UDL’s three dimensions of variability can be used as guide to help us create a more multi-sensory approach to content, develop a broader set of engagement strategies for each learning experience, and expand our expectations for how learners will respond.
CAST, a non-profit researching and advancing universal design for learning, has gone further to develop research-based guidelines and checkpoints for these dimensions of variability, which we can use as a tool to assess current museum learning environments and experiences and help design for future flexibility.
Thanks to new research and toolkits like these, we can begin to predict and plan for learner variability. However, for museums to be truly welcoming of all learners we have to be able to respond to their needs in the moment, as well. What more do we need to know about our learners in order to meet them where they are? How will we adapt our museum programming and spaces so we can be that nimble? Given the limits of the museum, how responsive and personal can we actually become?
We can take some cues from adaptive learning, a developing technology that delivers individualized instruction based on the learner’s progress, needs, and preference. Adaptive technology responds to learners in real time by:
- Changing content.
- Changing assessment.
- Changing the sequencing of the material.

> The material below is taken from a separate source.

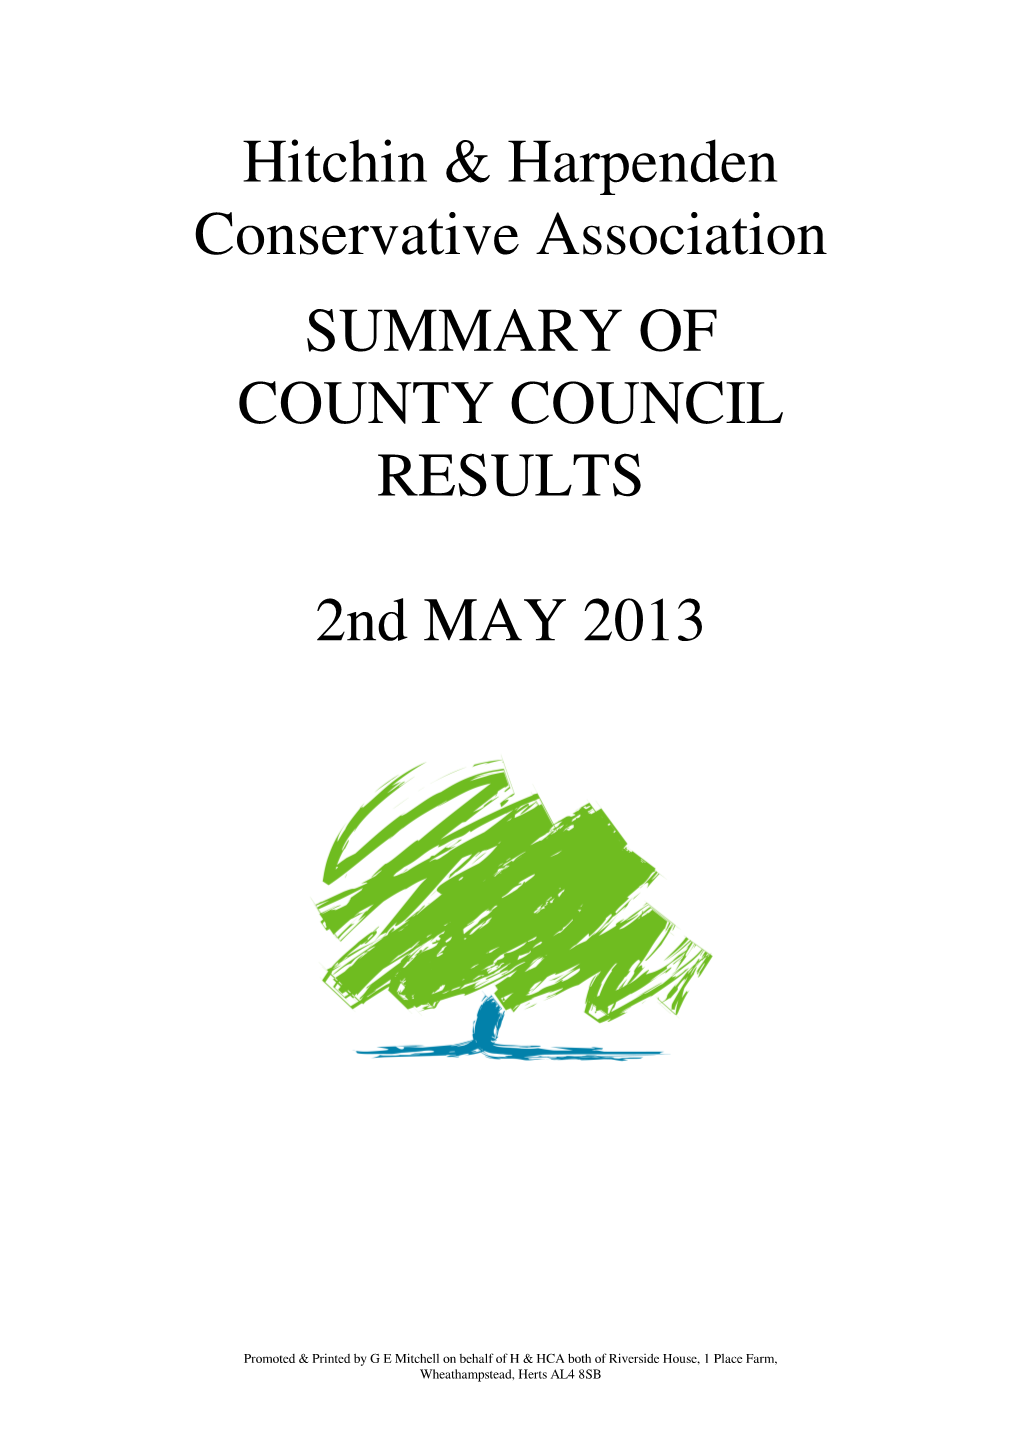 Hitchin & Harpenden Conservative Association SUMMARY OF

This type of technology puts learners in control of their learning path. They set personal goals and then their actions and responses determine what they see and learn next. These tools use predictive analytics to continuously collect data, analyze it, and adjust the sequencing of skills or content for that individual. The tools use that same data to improve the product for the next learner.
One might say this is not all that different from how museum educators and facilitators interact with museum learners now. (Think back to that facilitator I described adapting on the fly.) However, I think it is different in two critically important ways. The first distinction is that adaptive learning requires the facilitator to let go of control. The learning process–and sometimes even the outcome–is determined by the learner, not the facilitator. We can create a rich array of content and plan for all imaginable pathways, but each learner’s choice and progress along that path will be unpredictable. And, that might be ok.
The second distinction is that individual learner data is continuously collected and analyzed. Next steps along the path are not based on a set of assumptions or cues. They are determined by learner actions which have been carefully captured, reviewed, and acted upon in real-time.
There are technological tools on the horizon that will help us to respond to and design for learners in the museum environment. But even now, the concepts and routines of universal design and adaptive learning can be applied and help us rethink and improve our practices today. Why wait? It’s time for museums to create our own solutions for supporting and celebrating the individual.